# So what do you think of them now? *Update on Lyric*



## Crissa (Oct 7, 2007)

I got some new pics of the girls set up and show how they are maturing!

Lyric. She's still a little posty and has a steep rump, normally her back is more level than that.

















Heidi, still steep in the rump and her hair was a little rumpled so it gave her the appearance of not being level across the top. And she's not very wide in the back AT ALL! 

















And one pic of Lyric stretched out. Couldn't resist. ;-)


----------



## StaceyRosado (Oct 5, 2007)

*Re: So what do you think of them now?*

that last one of Lyric is really nice, shows her off better then just standing. Shows that when set up she would look much better.

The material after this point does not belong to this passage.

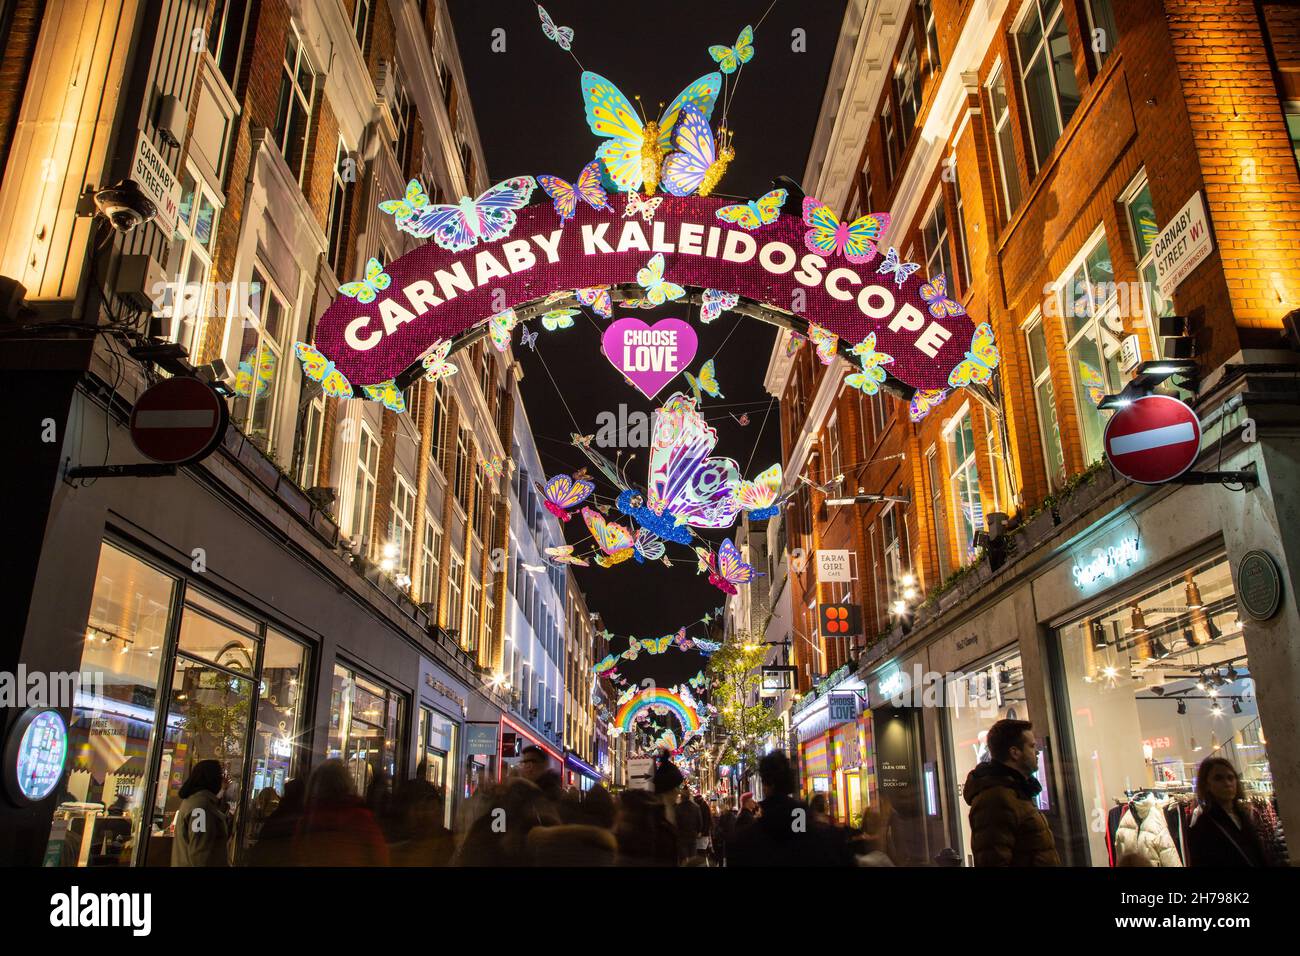 LONDRA, UK - 20 NOVEMBRE 2021: Viste lungo Carnaby Street a Londra a Natale mostrando le decorazioni e fuori dei negozi. Le persone possono essere viste all'esterno Foto Stock

I think they are coming along nicely.

I could be wrong but I actually think Heidi's rear and escutcheon is better then Lyrics :shrug:


----------



## Crissa (Oct 7, 2007)

*Re: So what do you think of them now?*

Thanks, I agree on that last one, if she'd let me punch her down more often it would be easier to show her off, but she's not used to it yet. :roll: I work with her every day on it now. And Heidi absolutely HATES standing still so it's hard to get any really good set up pics of her.


----------



## StaceyRosado (Oct 5, 2007)

*Re: So what do you think of them now?*

i understand 100% But at least you know she has potential


----------



## Muddy Creek Farm (Oct 5, 2007)

*Re: So what do you think of them now?*

I have some like that! They throught the biggest fits! I have a buck, you CAN NOT punch him down or set up his legs, plus he tries to jump up on me the whole time. Here is the best photo I got of him...


----------



## Crissa (Oct 7, 2007)

*Re: So what do you think of them now?*

At least I'm not the only one! :roll: He sure is beautiful though!


----------



## Crissa (Oct 7, 2007)

*Re: So what do you think of them now?*



StaceyRoop said:


> i understand 100% But at least you know she has potential


I'd say! :greengrin:


----------



## Muddy Creek Farm (Oct 5, 2007)

*Re: So what do you think of them now?*

You are definatly not the only one! Everyone has the "problem child" lol. I think if you work with them you can train them to behave! :greengrin:


----------



## Crissa (Oct 7, 2007)

*Re: So what do you think of them now?*

Thanks, I sure hope so! What do you think of their escutcheons? (sp?) I still can't tell that much about them. :shrug:


----------



## Muddy Creek Farm (Oct 5, 2007)

*Re: So what do you think of them now?*

I like Lyric's escutcheon the best, it looks the most naturally wide, and pretty high too. To really make certain I would have to see her clipped though.


----------



## Crissa (Oct 7, 2007)

*Re: So what do you think of them now?*

I'll probably be clipping them in the next couple of weeks, we'll see how that goes. :roll: So how much do you think Lyric has improved since this? :shocked:


















I think she presents herself MUCH better! :greengrin:


----------



## Crissa (Oct 7, 2007)

*Re: So what do you think of them now?*

Progress on Lyric! :greengrin: This is from a couple of minutes ago. This sheep stanchion has been helping me to train her. :roll:

Rear









Side









What do you think now?


----------



## liz (Oct 5, 2007)

She is definately showing what you've taught her....she is looking very good!


----------



## StaceyRosado (Oct 5, 2007)

She is looking good. NOw i would bring those rear legs in a bit as you set her up.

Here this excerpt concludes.